### [Assignment]
Below are the records; give again exactly the lines from the one containing "初中语文阅读教学中文本细读的策略分析" through the one containing "Pustynia, CH-53E Super Stallion", leaving out pictures.

### [Raw data]
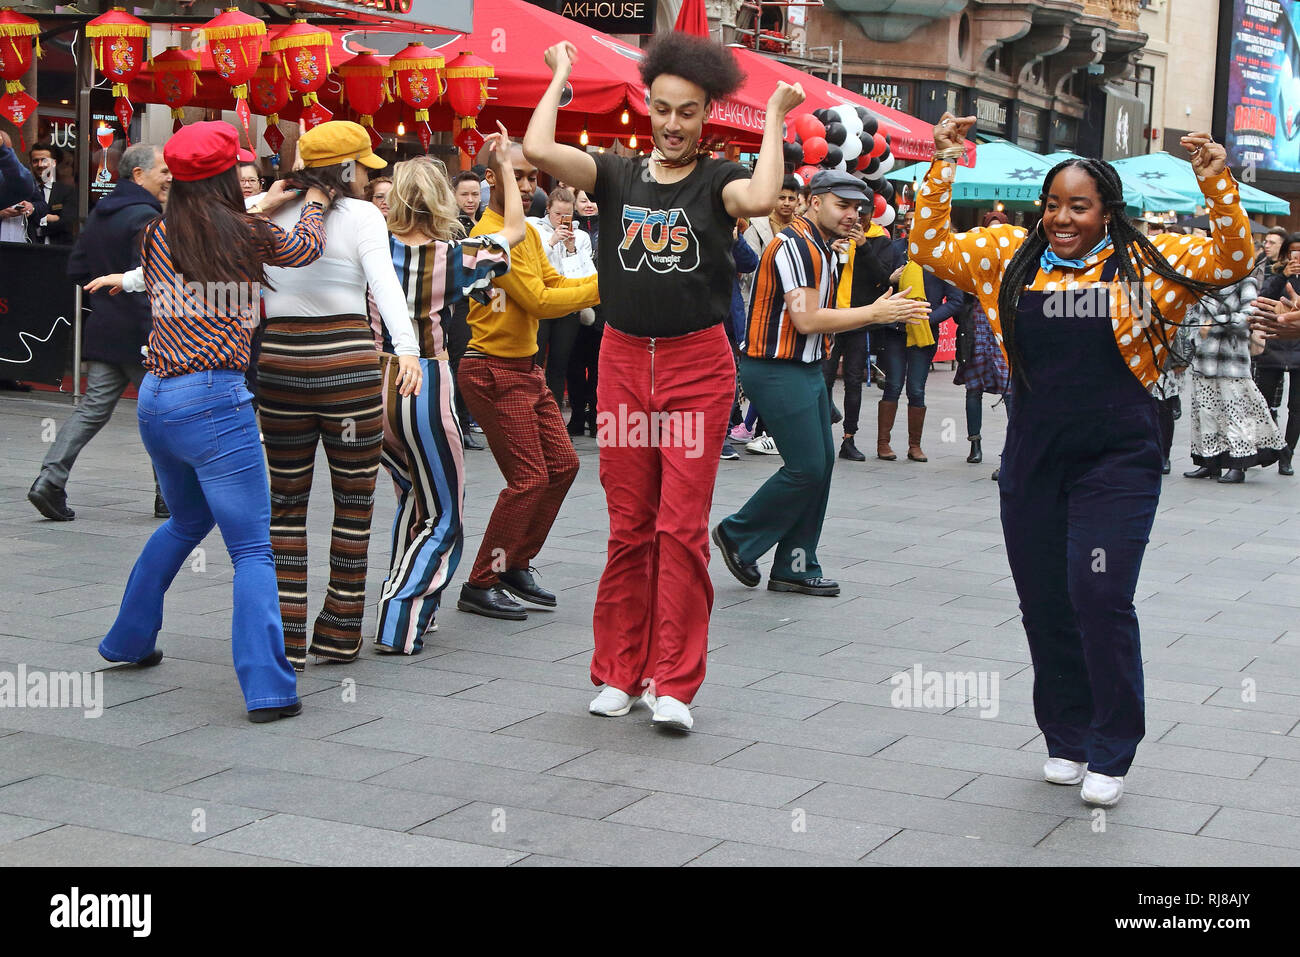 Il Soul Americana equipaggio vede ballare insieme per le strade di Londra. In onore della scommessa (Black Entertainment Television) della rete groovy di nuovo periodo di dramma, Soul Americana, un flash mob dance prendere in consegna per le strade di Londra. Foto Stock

* * *

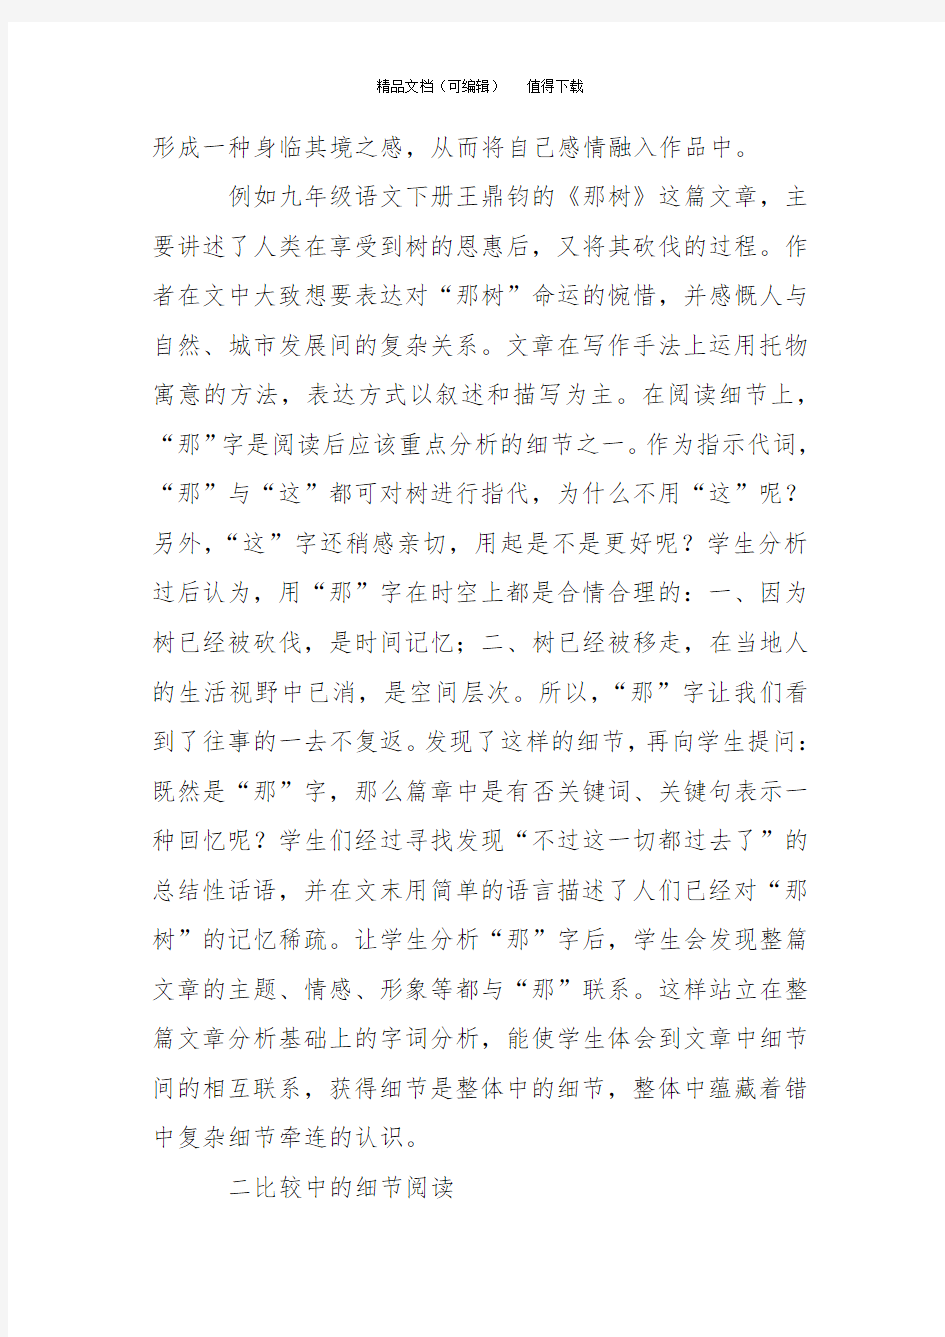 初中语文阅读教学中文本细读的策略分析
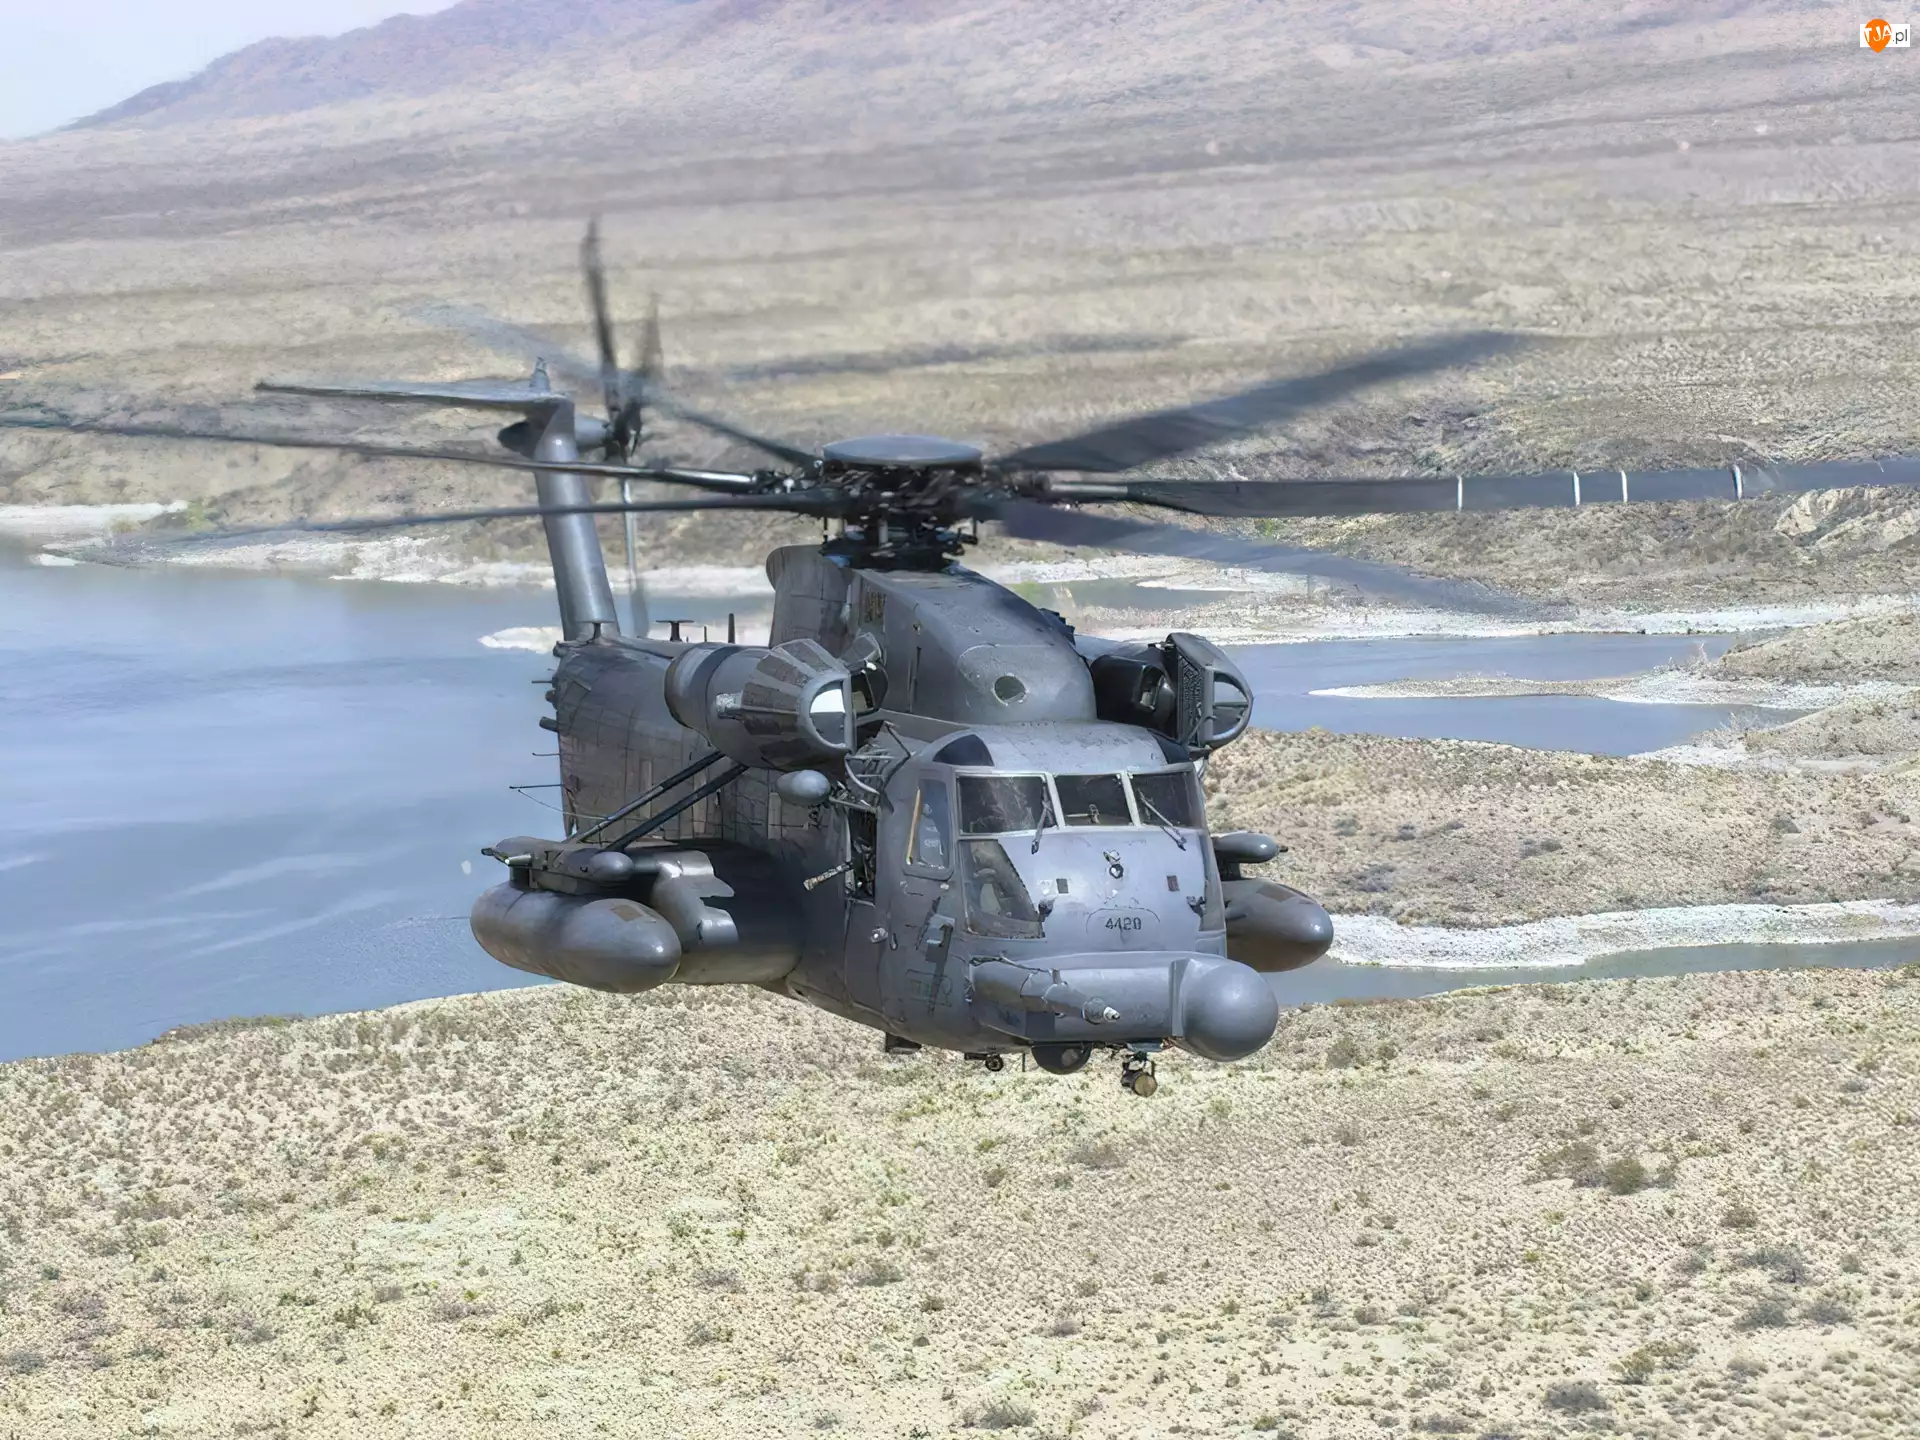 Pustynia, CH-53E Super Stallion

### [Result of the task]
 初中语文阅读教学中文本细读的策略分析
 Pustynia, CH-53E Super Stallion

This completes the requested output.